— Эка дура-баба! — не выдержала бабка Гланя. — Да радоваться надо, что на готовом!
— Я и сама думала — обрадуюсь, — виновато сказала Павла. Сказала, будто оправдаться хотела. — Думала — хоть теперь поживу, как сама всю жизнь во сне видела. А вот на тебе! Нет покою, да и только!
Замолчали все, задумались. Побрякивали ведра на сгибах локтей, светило нежаркое солнце. В синем-синем небе белая паутина. Бабье лето.
Павла процеживала молоко. На обеденном столе Матильда гладила свои шелковые вещицы.
Осторожно вошла Васюта, Мариина дочка, прокралась за спиной Павлы к Матильде, пошептала ей на ухо.
Матильда напряженно выпрямилась. Мельком взглянула на Павлу, выключила утюг. Прошла мимо с деланным безразличием, с необычной деревянностью в теле.
Павлу насторожила эта походка, она вытерла руки, подошла к окну и увидела, как Матильда легко, удивительно бежит по тропинке через огород.

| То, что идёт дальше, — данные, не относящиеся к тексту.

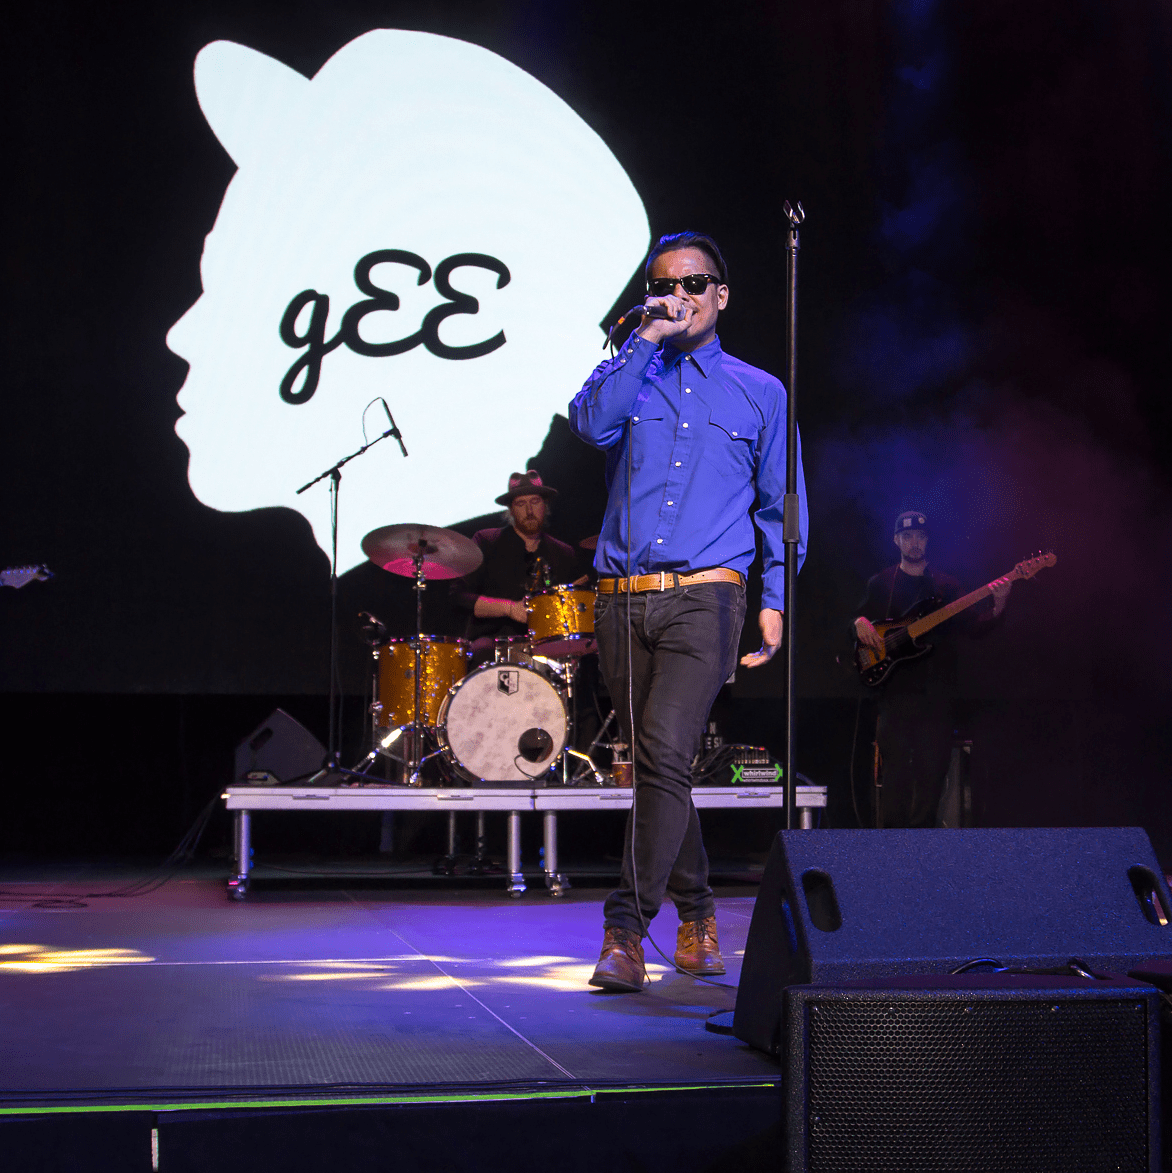 Larry g(EE) at CultureMap Dallas Music Social 2015

Павла нахмурилась, вышла из дома и тоже направилась к этой тропинке.
За огородом был покос, на краю покоса ольховые кусты. Павла подошла к кустам и сквозь зелень листьев увидела: стоит тот, с усиками. Матильда, обнимая его, сползает к земле, целует пыльные его, остроносые ботинки. А он стоит, засунув руки в карманы.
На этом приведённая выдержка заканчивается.